The Pure and the Impure
- Author: Colette
- Original title: Le Pur et l'impur and Ces Plaisirs
- Translator: Edith Daily
- Language: French
- Publisher: J. Ferenczi & fils
- Publication date: 1932
- Publication place: France
- Published in English: 1933
- Pages: 258

= The Pure and the Impure =

1932 novel by Colette

The Pure and the Impure (Le Pur et l'impur) is a 1932 novel by the French writer Colette. It consists of a series of conversations about sex, gender and attraction.
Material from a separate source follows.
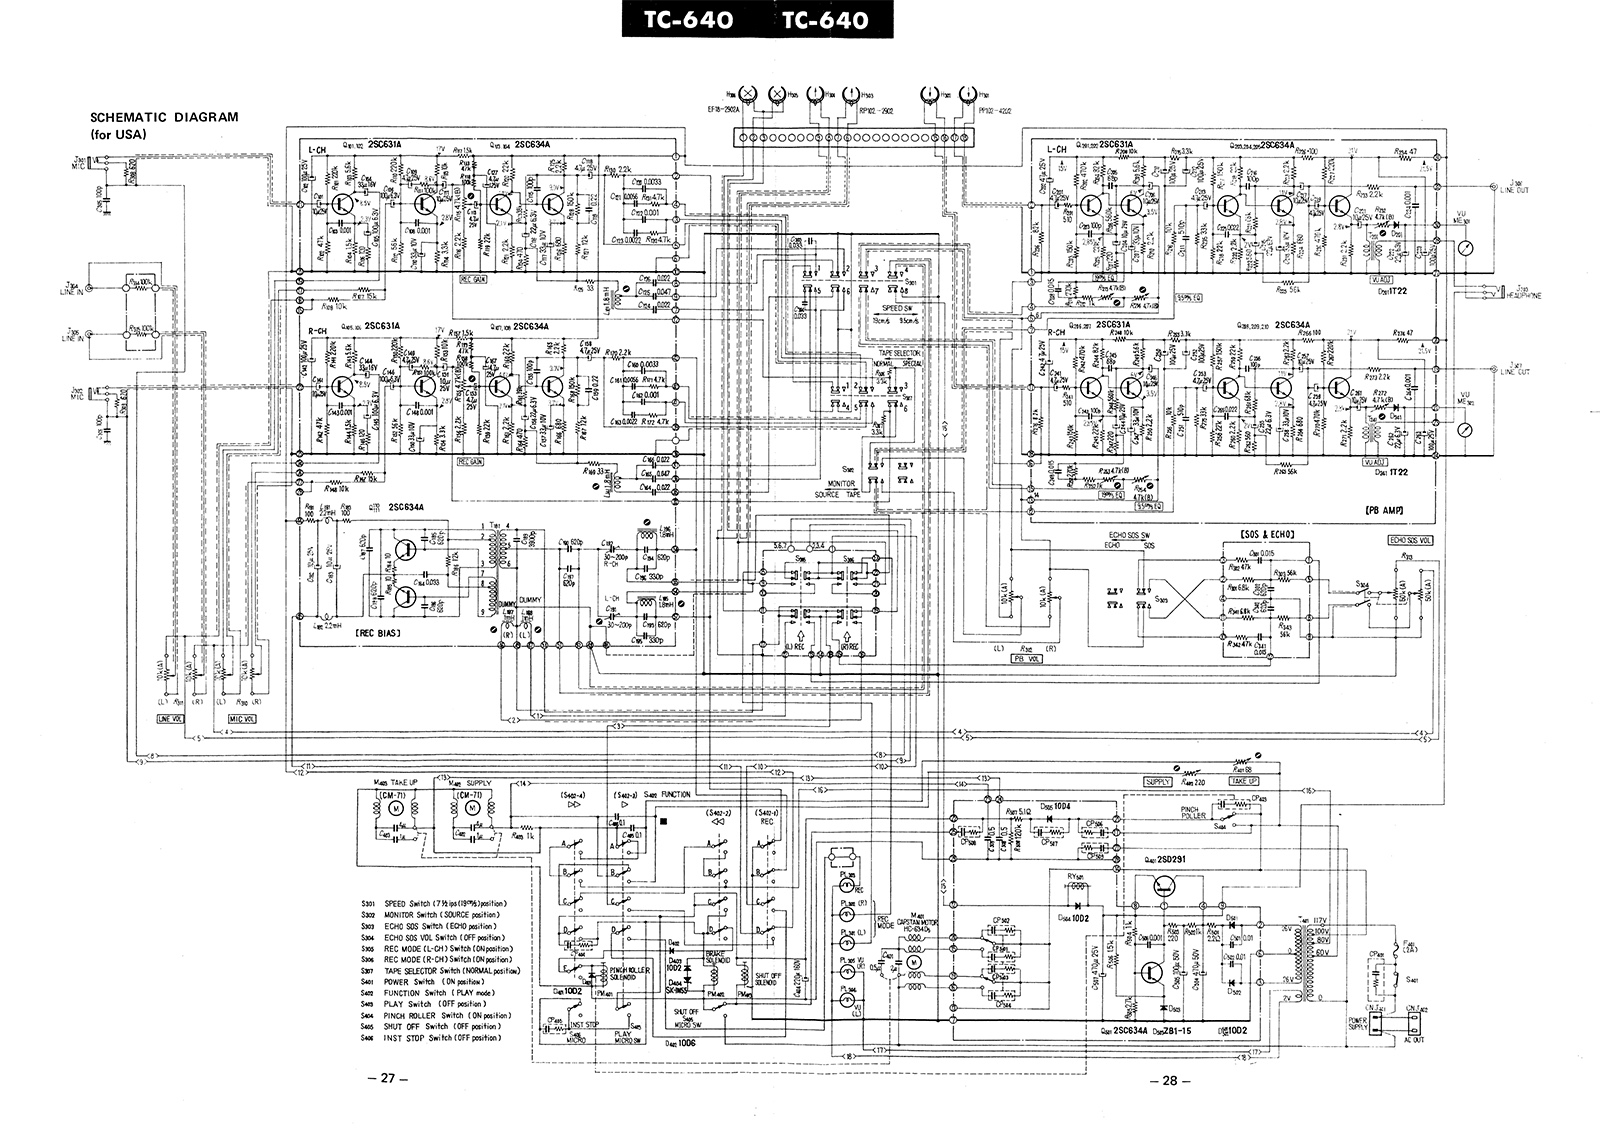 Schematic diagram of Bill's reel-to-reel tape machine – the Sony TC-640

Colette considered it her best book, and described it as "the nearest I shall ever come to writing an autobiography".

==Publication==
A version of the book was first published as Ces plaisirs... ("These pleasures") in 1932. In 1941 a substantially revised version was published as Le Pur et l'impur, which was the title Colette originally had thought of for the book.

==Reception==
Margaret Wallace of The New York Times wrote: "On the whole, The Pure and the Impure presents a mildly interesting collection of case histories, and some of the generalizations Colette is tempted to draw from them are provocative in the highest degree. But the effect of the book, on the whole, is rather empty. Except as a collection of anecdotes of uneven quality, it lacks excuse for being; and Colette emerges in it less as the philosopher of love she has always seemed to be than as an industrious reporter of love affairs."